I have written about that transformative event on several occasions. It was much more than life altering; it completely tilted the axis upon which my life rotated. I woke up in a Reno hospital five weeks later not knowing much, but soon found out. It would be an educational experience that was heavy on experience. The various aspects of how that cool October morning touched my life are numerous and when multiplied by nuance, infinite. One of the tiny threads in this complex fabric, however, has current relevance; it has to do with a debate that has turned away from what it is all about to everything it’s not: healthcare reform.

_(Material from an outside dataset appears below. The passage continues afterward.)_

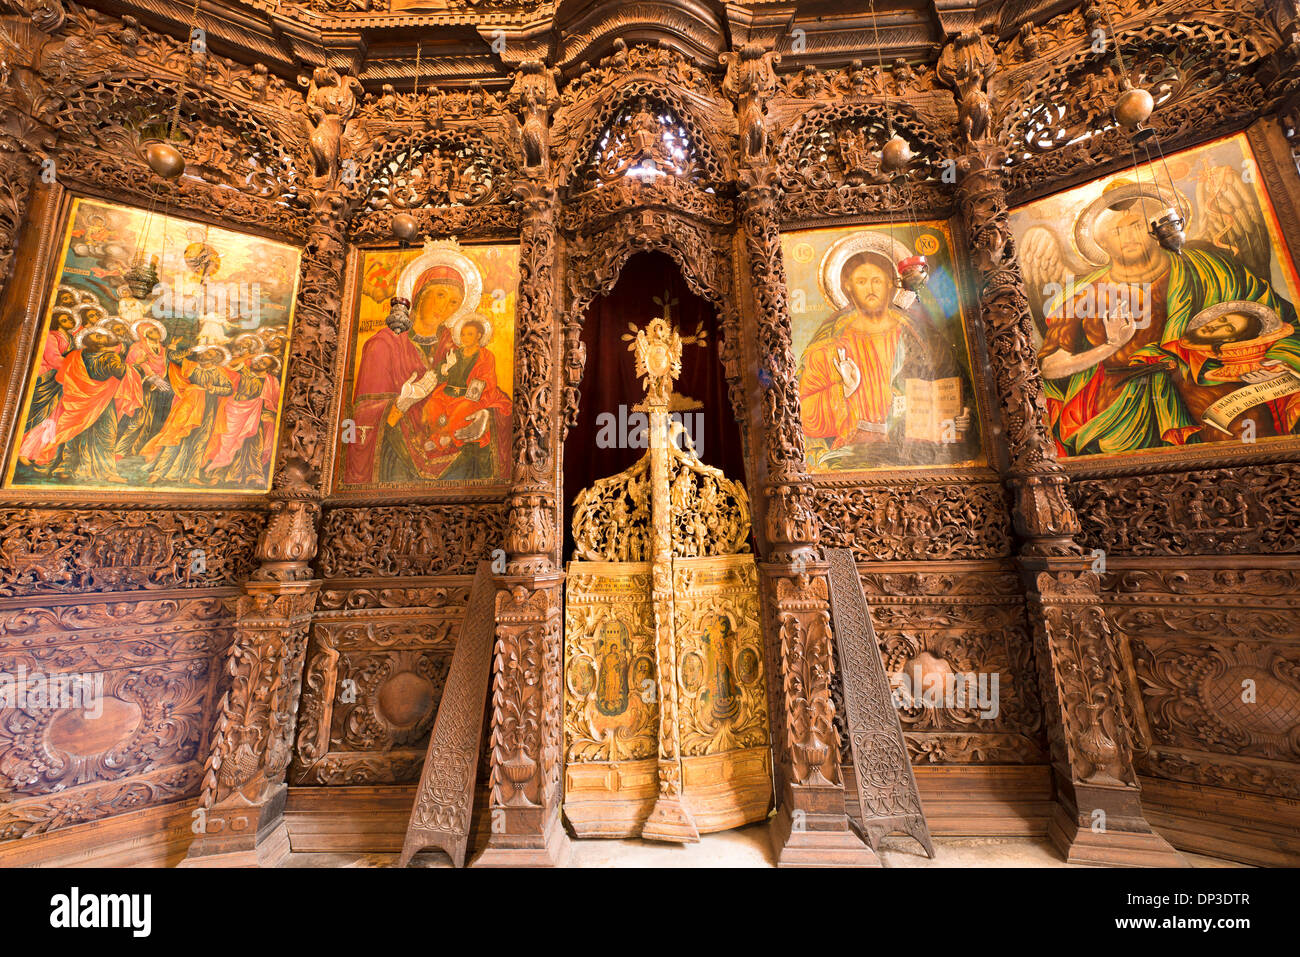 Kirche von Saint Thermen Skopje Mazedonien Western Balkan Region Europa Fresken und Holzschnitzereien geschnitzte Ikonostasen 17. Jahrhundert Stockfoto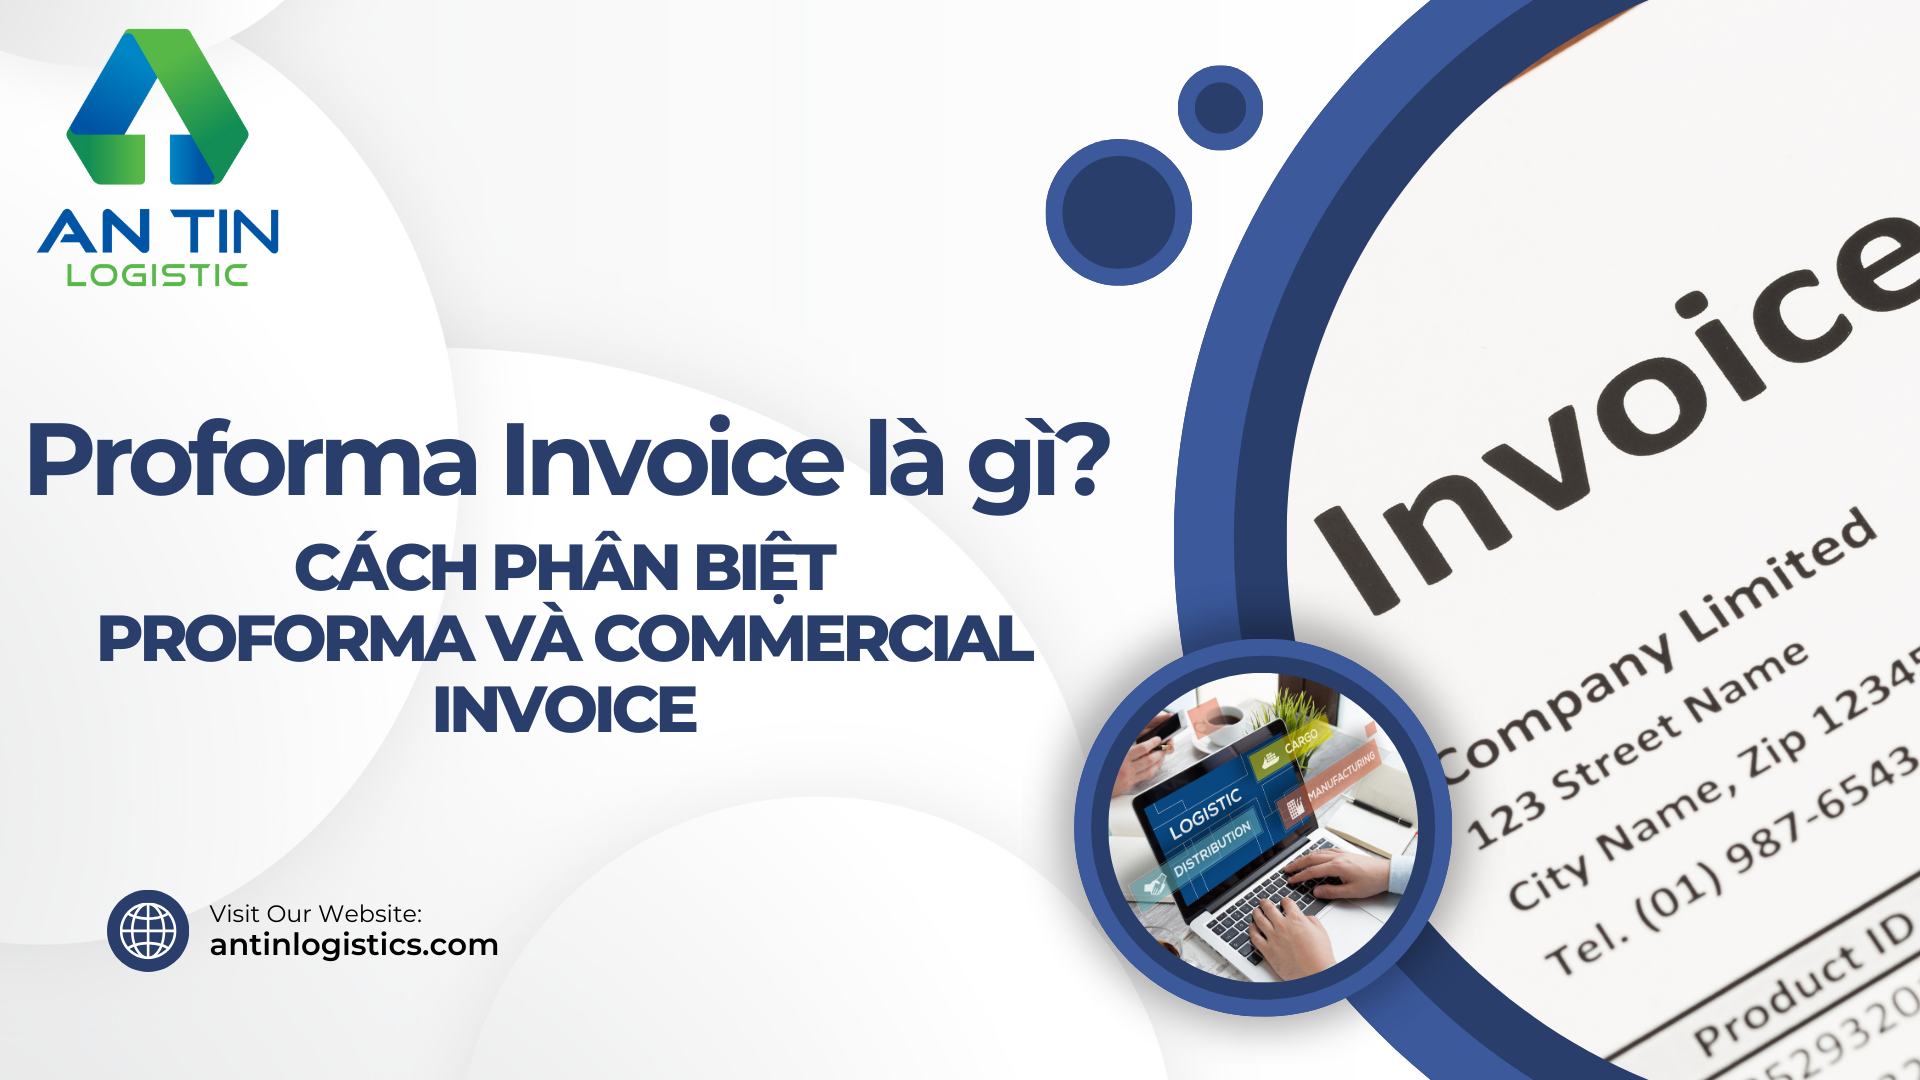 Proforma Invoice là gì?

I’ll not rehash here the need for some kind of healthcare reform. Conservatives and liberals alike largely accept the idea that our current system is seriously dysfunctional. Almost everyone agrees that we need to do something. I was lucky; I had insurance, but that $1,500 deductible is a myth – one that is well hidden in the techno-legal mumbo-jumbo that I could not decipher on my best day. And those in late 2000 and most of 2001 were not my best. In simple but decidedly accurate terms, there are three players in the game: The patient, the doctors (collectively, and the hospitals and the clinicians and the x-ray techs and the anesthesiologists, and, and, and) and the insurance company. Of those three players, two are seasoned professionals; they know the lingo and the bureaucracy… it is their game. The amateur is the patient, but only the patient can lose the game. Only the patient bears the legal responsibility for the cost of his or her care – a cost ultimately determined by the pros.
Suffice it to say that my cost far exceeded my deductible, and for reasons that have not yet, still, been adequately explained. I’m not even sure they know themselves and there is no one person accountable. Except me, by law. And if I can’t pay, we all do. But I cite this only to personify what healthcare (or lack thereof) has become in the greatest and most prosperous country in the world. What gives? Why can’t we fix it? We have identified many of the problems as well as possible solutions many, many times and over many, many years. What could possibly be standing in the way? This should be a rhetorical question, but it is becoming increasingly obvious that it is not, so I’ll answer it: Partisan politics.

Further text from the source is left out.